The conditions on the trains arriving from Western Europe were very different. The people in these trains had never heard of Treblinka, and they believed until the last minute that they were being taken somewhere to work. The Germans told them charming stories of the pleasures and comforts of the new life awaiting them once they had been resettled. Some trains brought people who were convinced that they were being taken to a neutral country; they had, after all, paid the German authorities large sums of money for the necessary visas.
Once a train arrived in Treblinka bringing citizens of Canada, America and Australia who had been stranded in Western Europe and Poland when the war broke out. After prolonged negotiations and the payment of huge bribes, they were allowed to travel to neutral countries. All the trains from Western Europe were without guards; they had the usual staff, along with sleeping and dining cars. The passengers brought large trunks and cases, as well as ample supplies of food. When trains stopped at stations, children would run out and ask how much further it was to Ober-Majdan.
There were a few transports of Gypsies from Bessarabia and elsewhere. There were also a number of transports of young Polish workers and peasants who had taken part in uprisings or joined partisan units.
It is hard to say which is the more terrible: to go to your death in agony, knowing that the end is near, or to be glancing unsus-pectingly out of the window of a comfortable coach just as someone from Treblinka village is phoning the camp with details of your recently arrived train and the number of people on it.

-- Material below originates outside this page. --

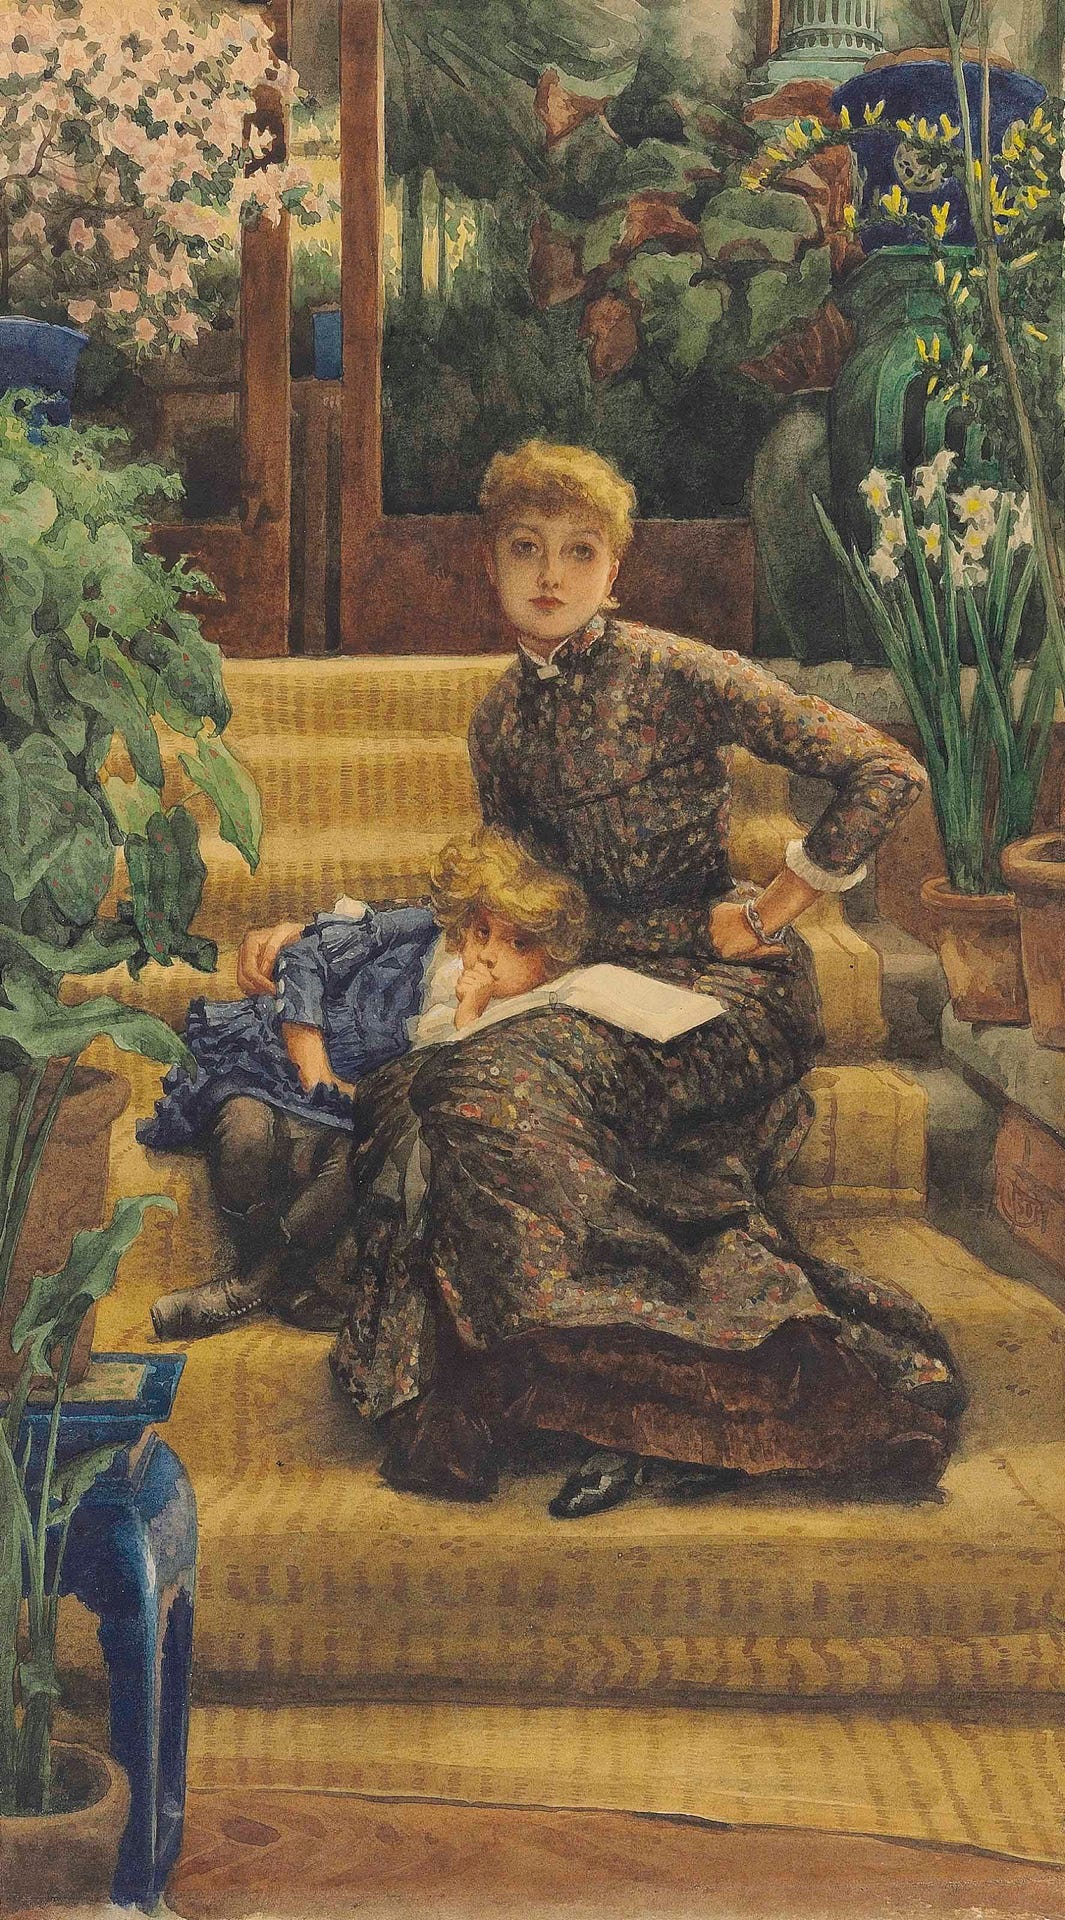 La Soeur Ainée (The Elder Sister) (1880s) by James Tissot

In order to maintain until the very end the deception of the Western European passengers, the railhead at the death camp was got up to look like an ordinary railway station. On the platform where a batch of twenty carriages was being unloaded stood what seemed like a station building with a ticket office, a left-luggage office and a restaurant. There were arrows everywhere, with signs reading “To Białystok”, “To Baranowicze”, “To Wojkowice”, etc. An orchestra played in the station building to greet the new arrivals, and the musicians were well dressed. A station guard in railway uniform collected tickets and let the passengers through on to a large square.